> **YOUR INSTRUCTIONS**: Every line of the listing below is to be repeated exactly; the pictures stay out.

> **DATA SEGMENT**:
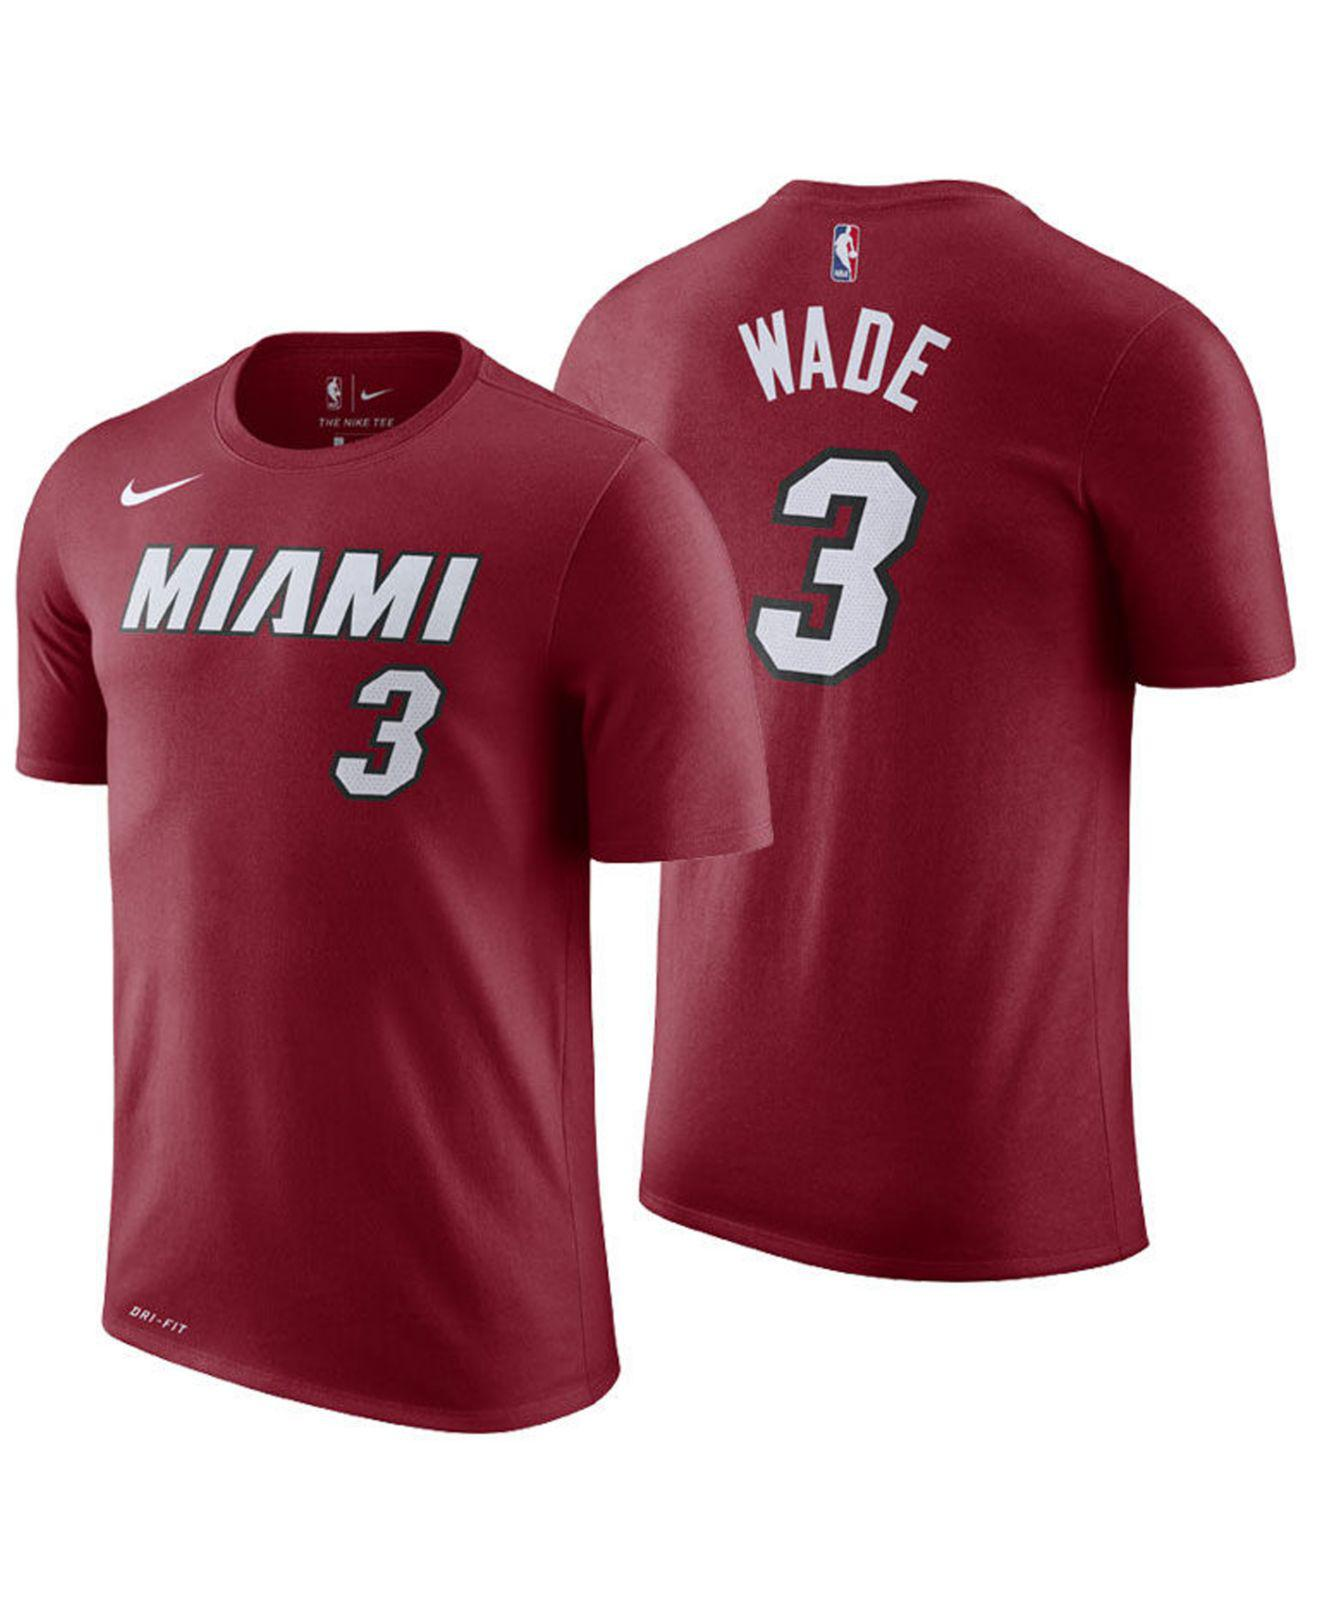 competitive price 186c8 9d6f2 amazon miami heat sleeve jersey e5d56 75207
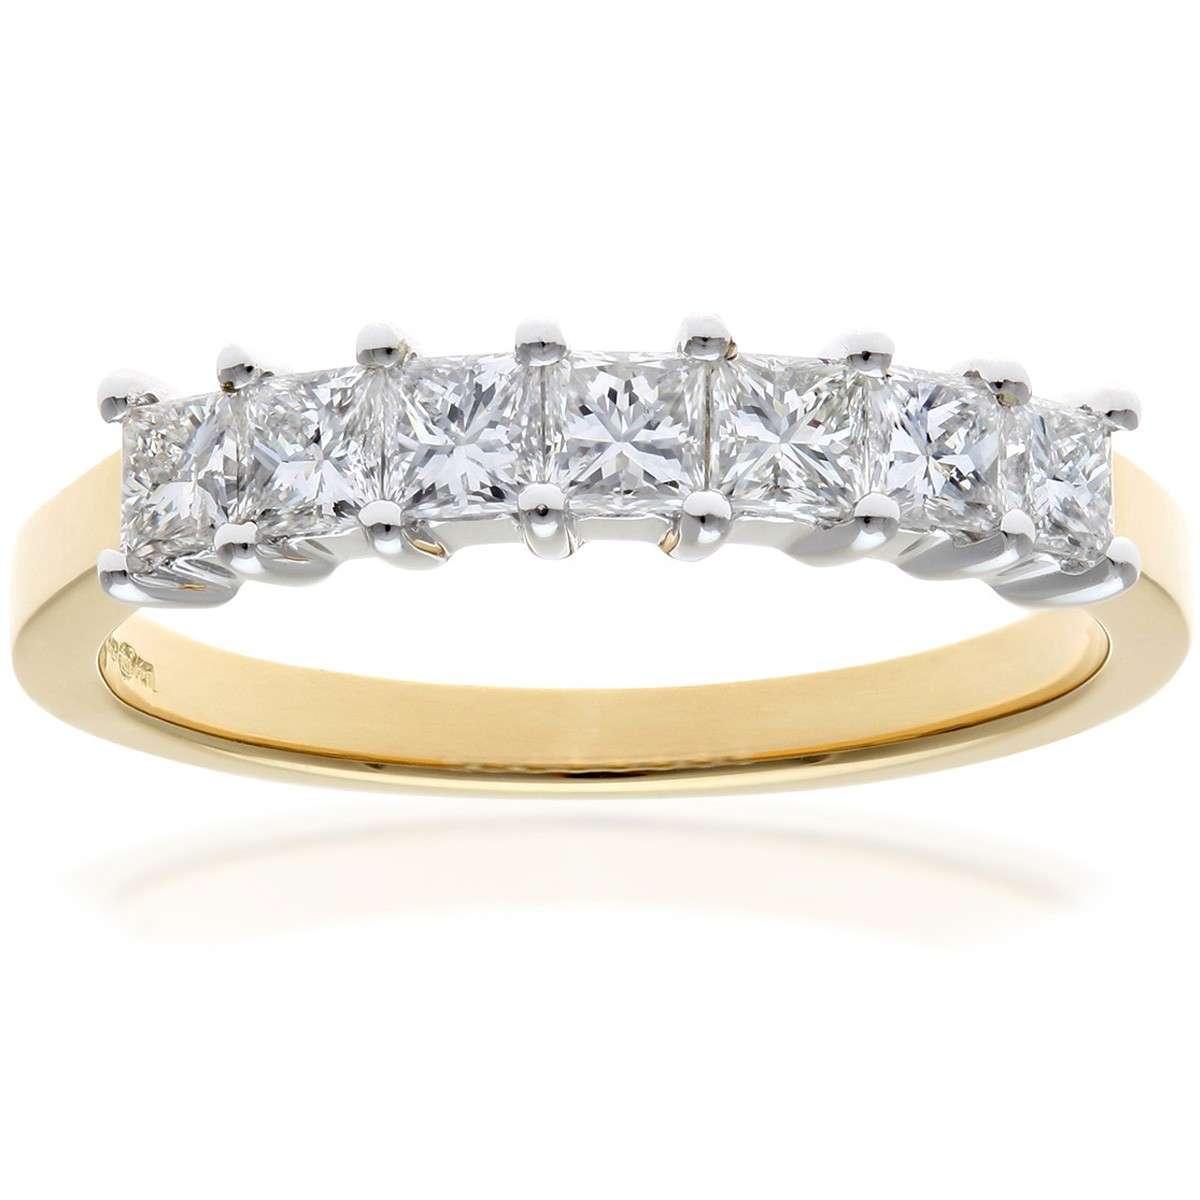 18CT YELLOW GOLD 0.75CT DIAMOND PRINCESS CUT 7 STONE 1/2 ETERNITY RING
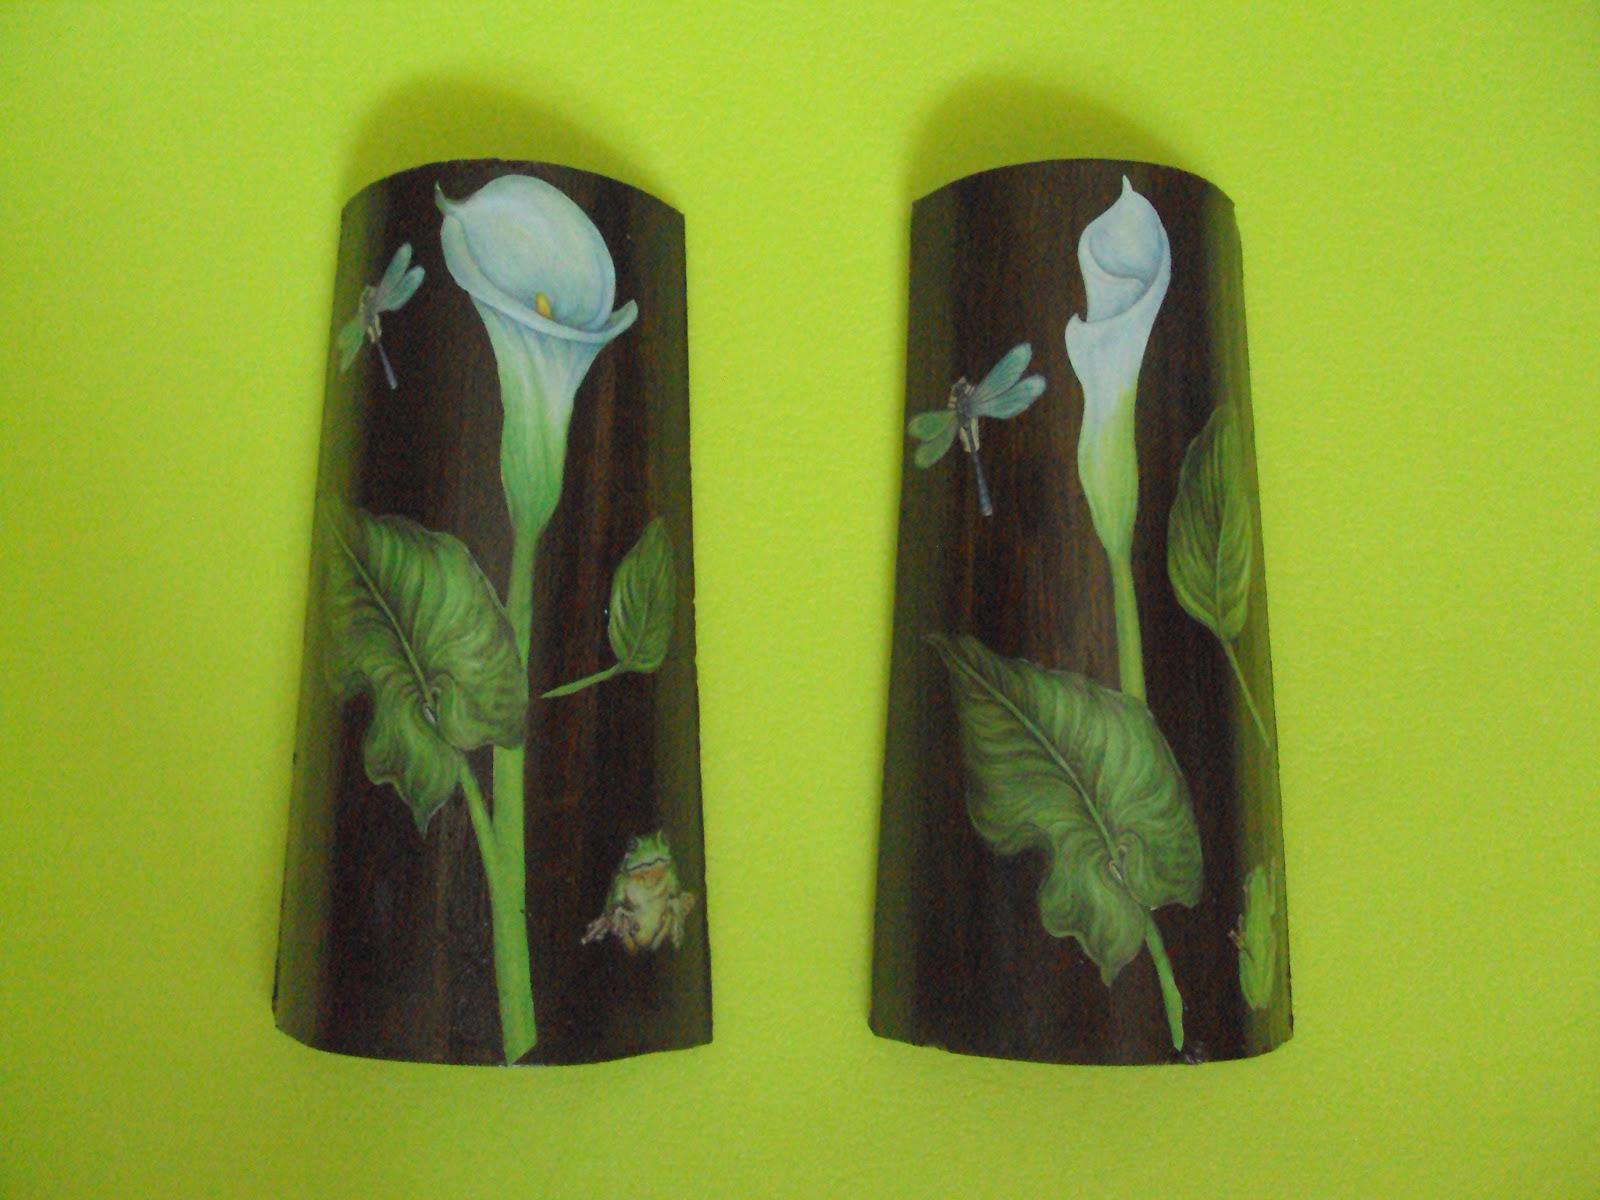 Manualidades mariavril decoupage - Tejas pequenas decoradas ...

> **SOLUTION FOR THIS EXERCISE**:
 competitive price 186c8 9d6f2 amazon miami heat sleeve jersey e5d56 75207
 18CT YELLOW GOLD 0.75CT DIAMOND PRINCESS CUT 7 STONE 1/2 ETERNITY RING
 Manualidades mariavril decoupage - Tejas pequenas decoradas ...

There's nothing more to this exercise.